[Golang] A complex Chinese coding problem

Source: Internet
Author: User
This is a creation in Article, where the information may have evolved or changed.

Today in the online encounter a problem, think very interesting, help people answer.

Demand

Insert the Chinese data in the MySQL database encoded as Latin1, and the Latin1 encoded string is transcoded to GBK by another system and sent as text message content.

Simple version Solution

import (    "golang.org/x/text/encoding/charmap"    "golang.org/x/text/encoding/simplifiedchinese")func Convert(src string) (string, error) {    gbk, err := simplifiedchinese.GBK.NewEncoder().Bytes([]byte(src))    if err != nil {        return "", err    }    latin1, err := charmap.ISO8859_1.NewDecoder().Bytes(gbk)    if err != nil {        return "", err    }    return string(latin1), nil}

Analytical

Latin1 namely iso-8859-1, copy a section of introduction, see Baidu Encyclopedia

Because the ISO-8859-1 encoding range uses all the space within a single byte, the stream and storage of any other encoded byte stream in a system that supports iso-8859-1 is not discarded. In other words, it is no problem to treat any other coded byte stream as iso-8859-1 encoded. This is a very important feature, the MySQL database default encoding is Latin1 is the use of this feature. ASCII encoding is a 7-bit container, and the ISO-8859-1 encoding is a 8-bit container.

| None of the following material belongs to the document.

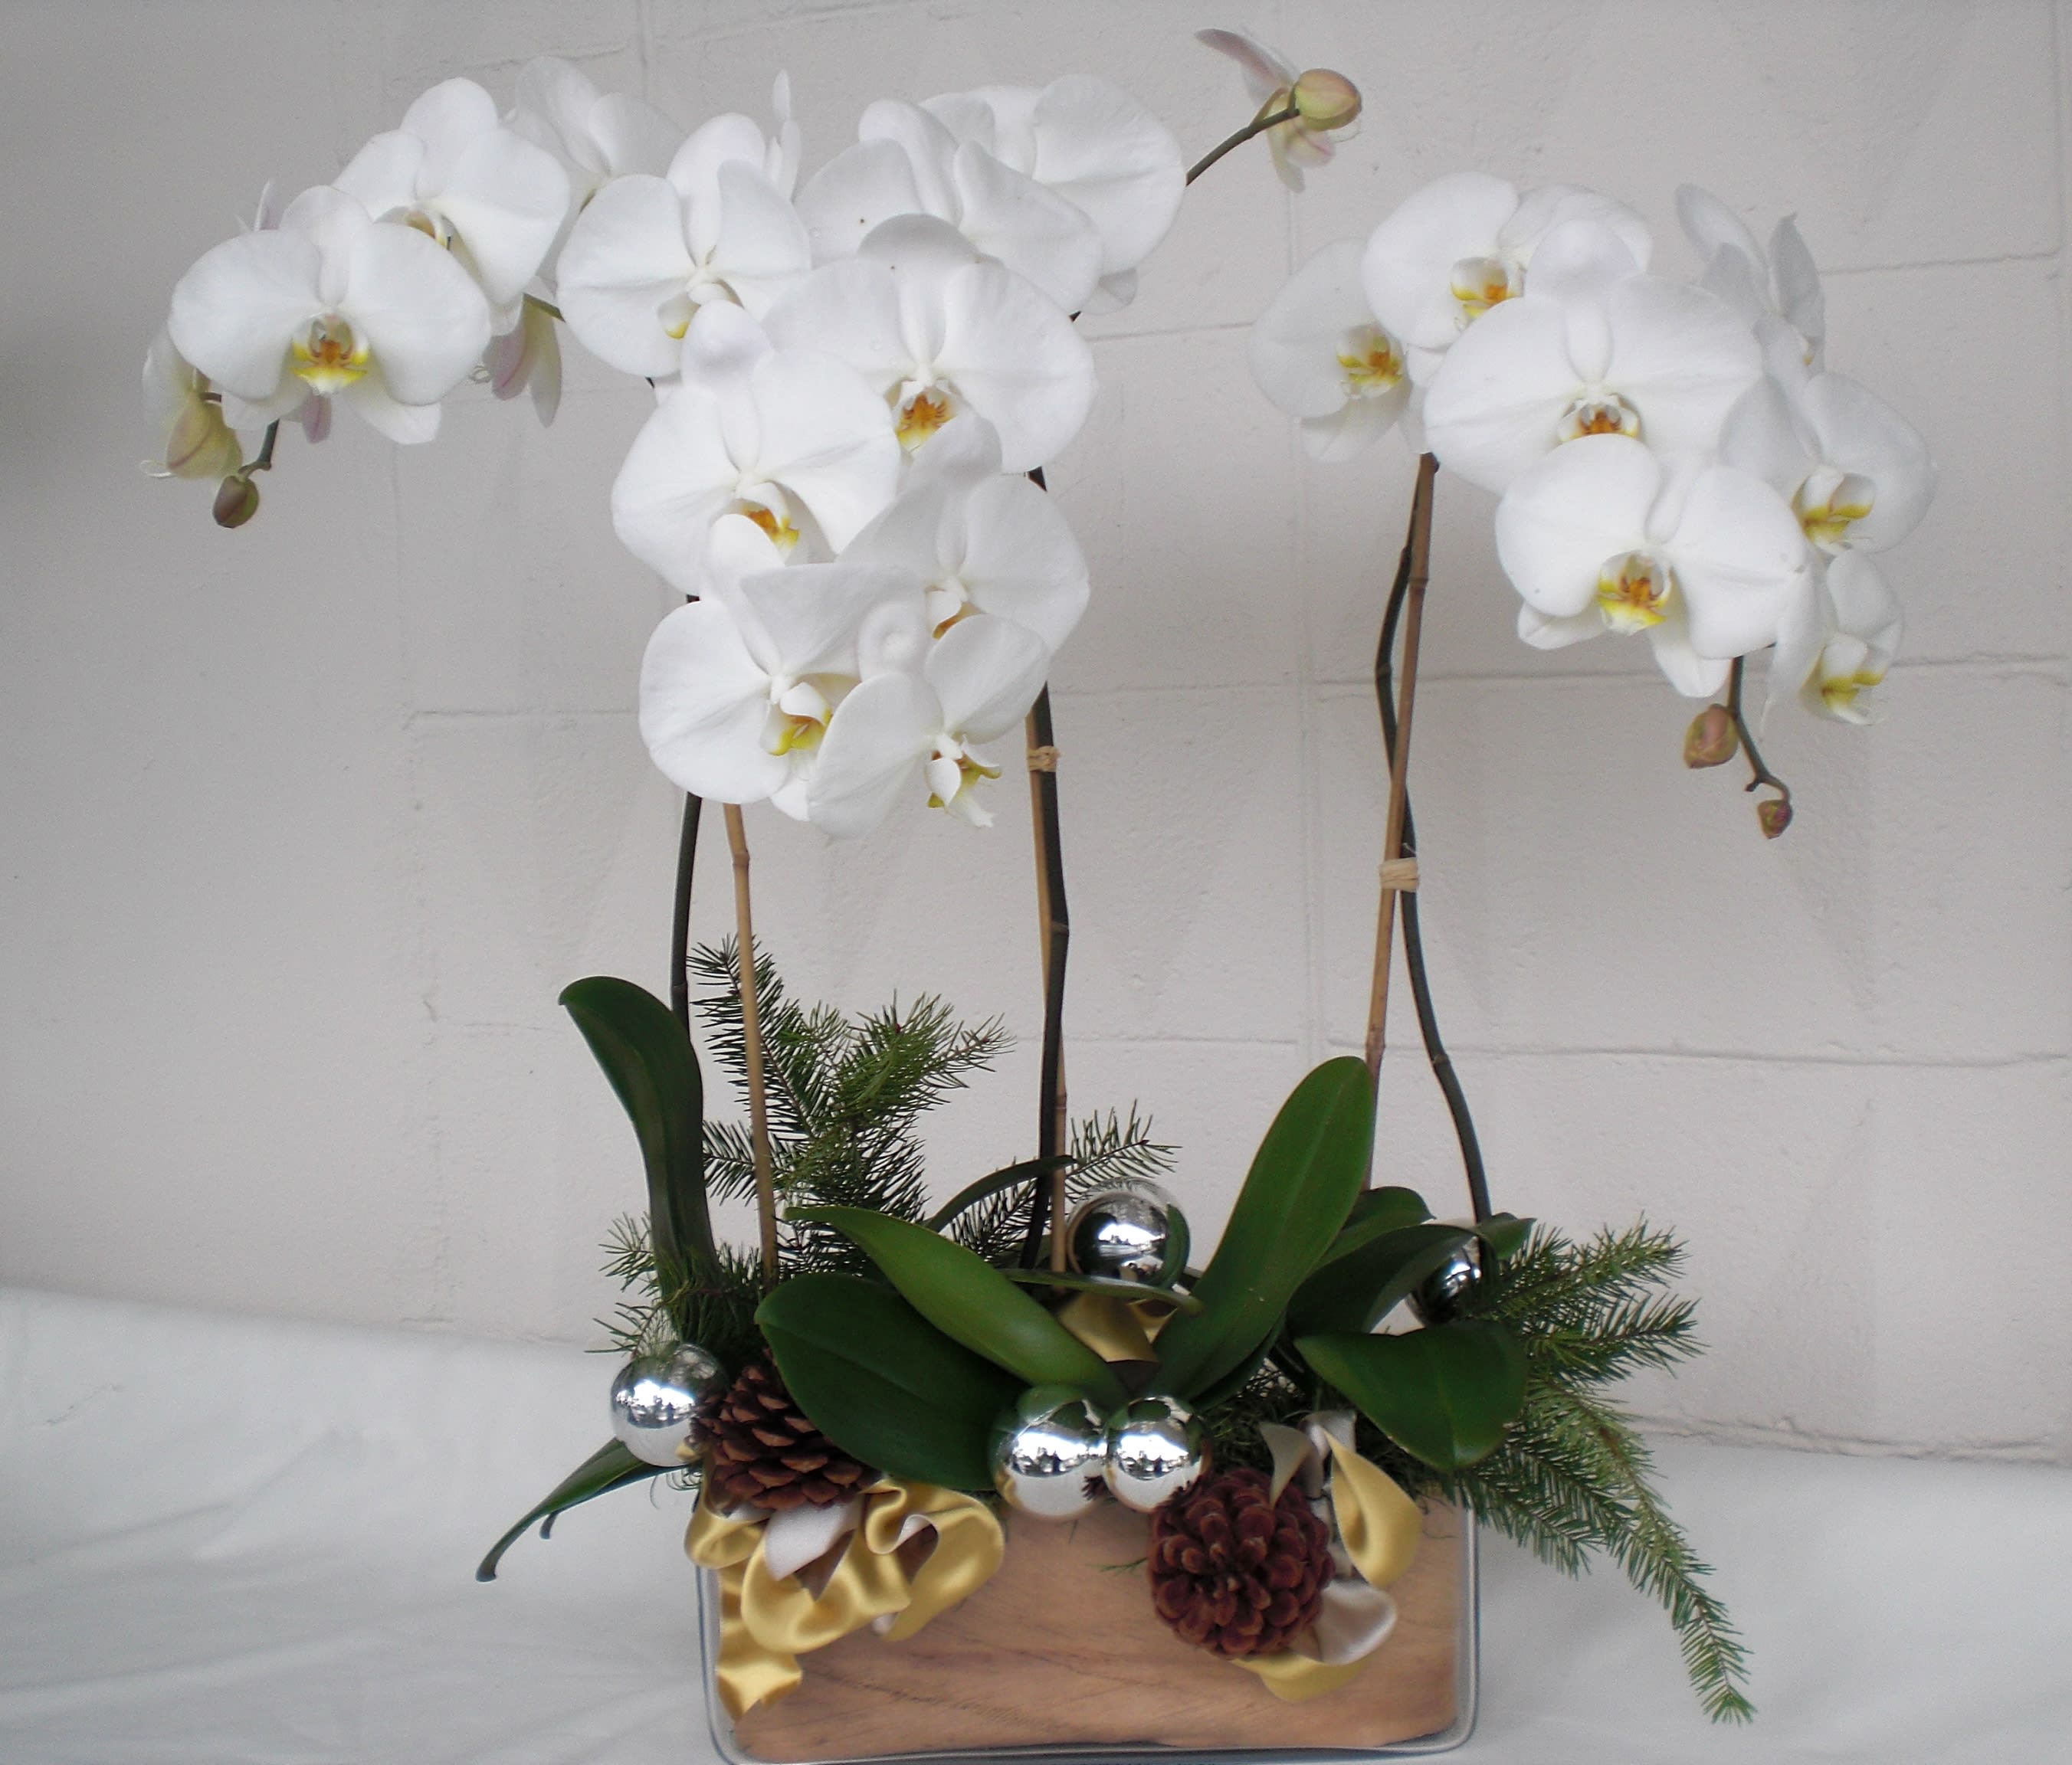 Holiday White Phalaenopsis Orchid - So simple, so elegant, the classic white phalaenopsis in a stylish contemporary glass container lined with palm leafs and adorned with holiday ornaments and winter greens  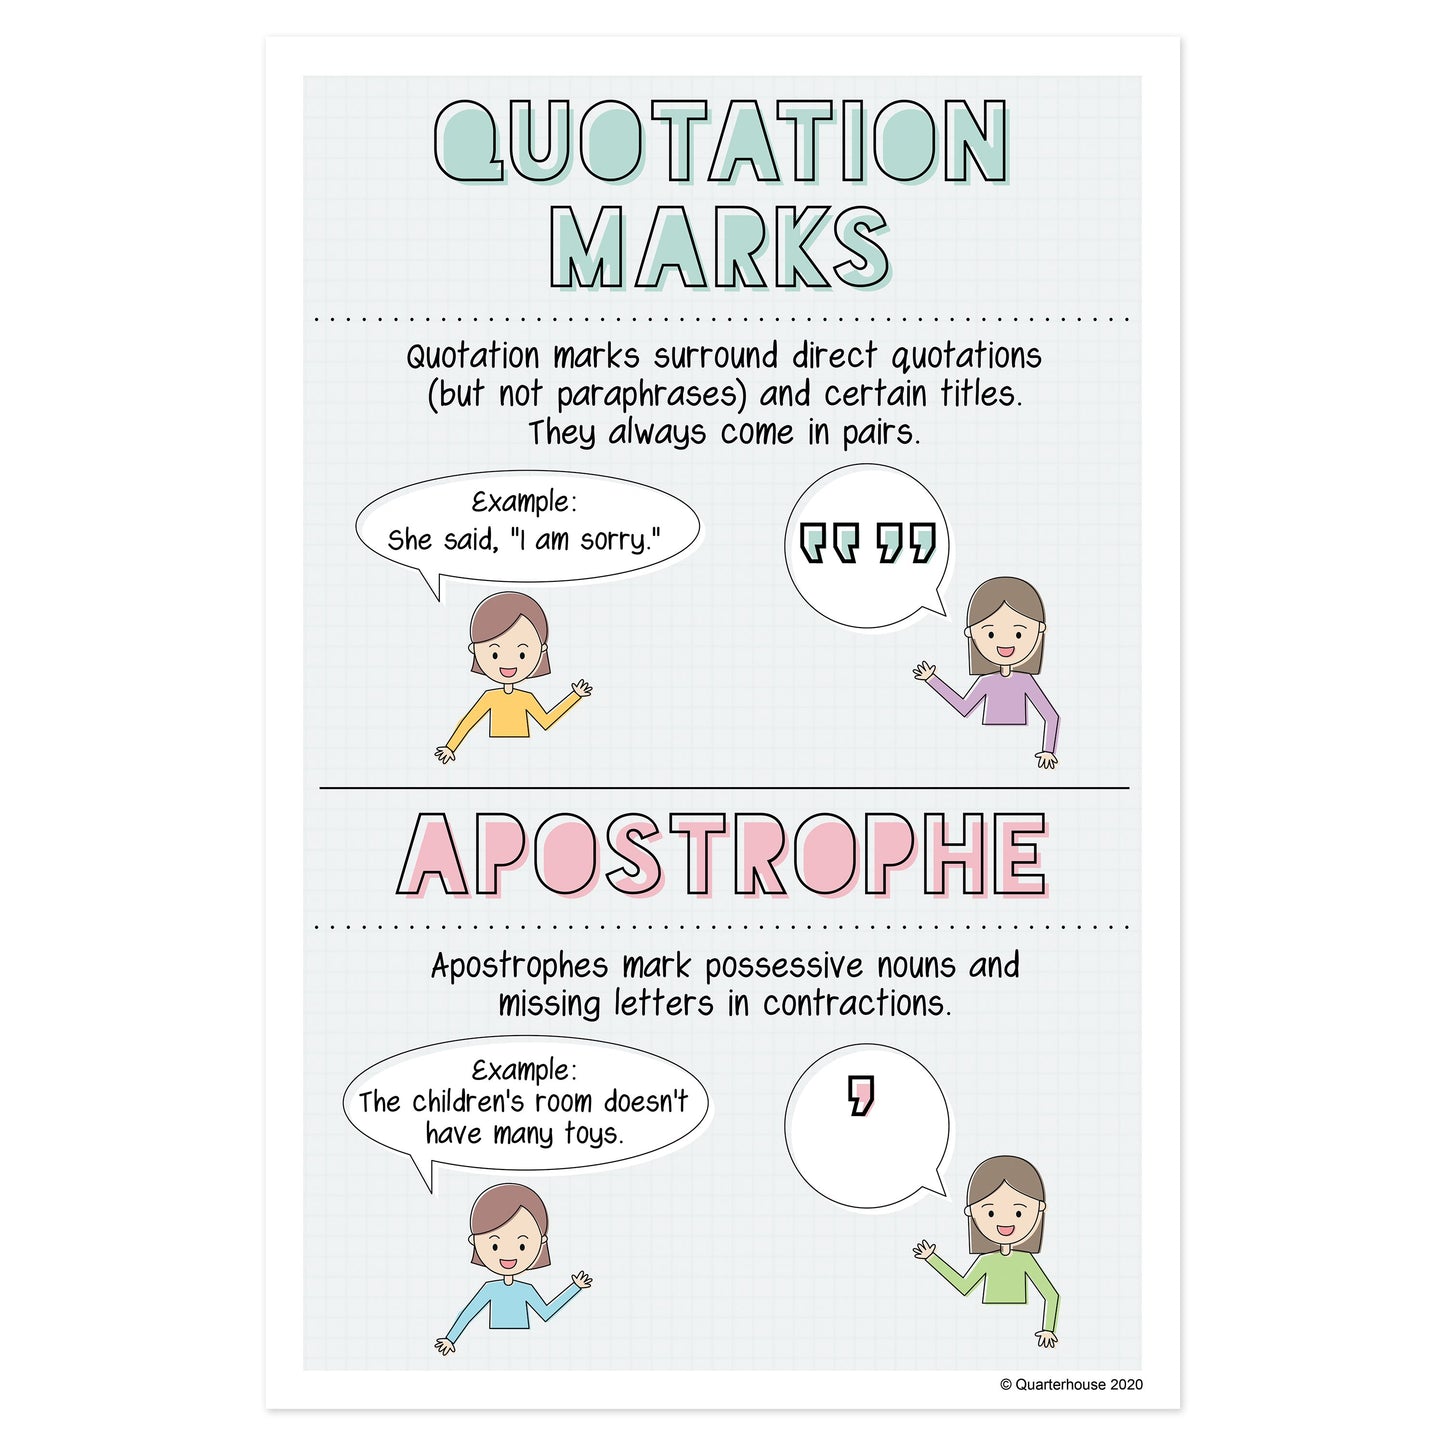 Quarterhouse Quotation Marks and Apostrophes Poster, English-Language Arts Classroom Materials for Teachers

First of all, the principle of dealing with coding issues: ensure that both write and read use the same set of rules .

In accordance with this principle is in the middle of the database does not support the Chinese problem how to deal with, to first look at the other system how to read the data:
Transcode Latin1 encoded string to GBK as SMS content
So our mission is to:
Force transcoding to Iso-8859-1 and then into the database using the GBK encoding of the SMS content
Clear the task, the back is realized.

    1. Utf8->gbk,golang is UTF8 encoded, then the first transcoding GBK. One thing to note here is that the encoder.string () method cannot be used because it forces the encoded GBK byte stream to be decoded with the Golang built-in UTF8 decoder, and the resulting garbled String cannot be restored back to the original GBK byte stream.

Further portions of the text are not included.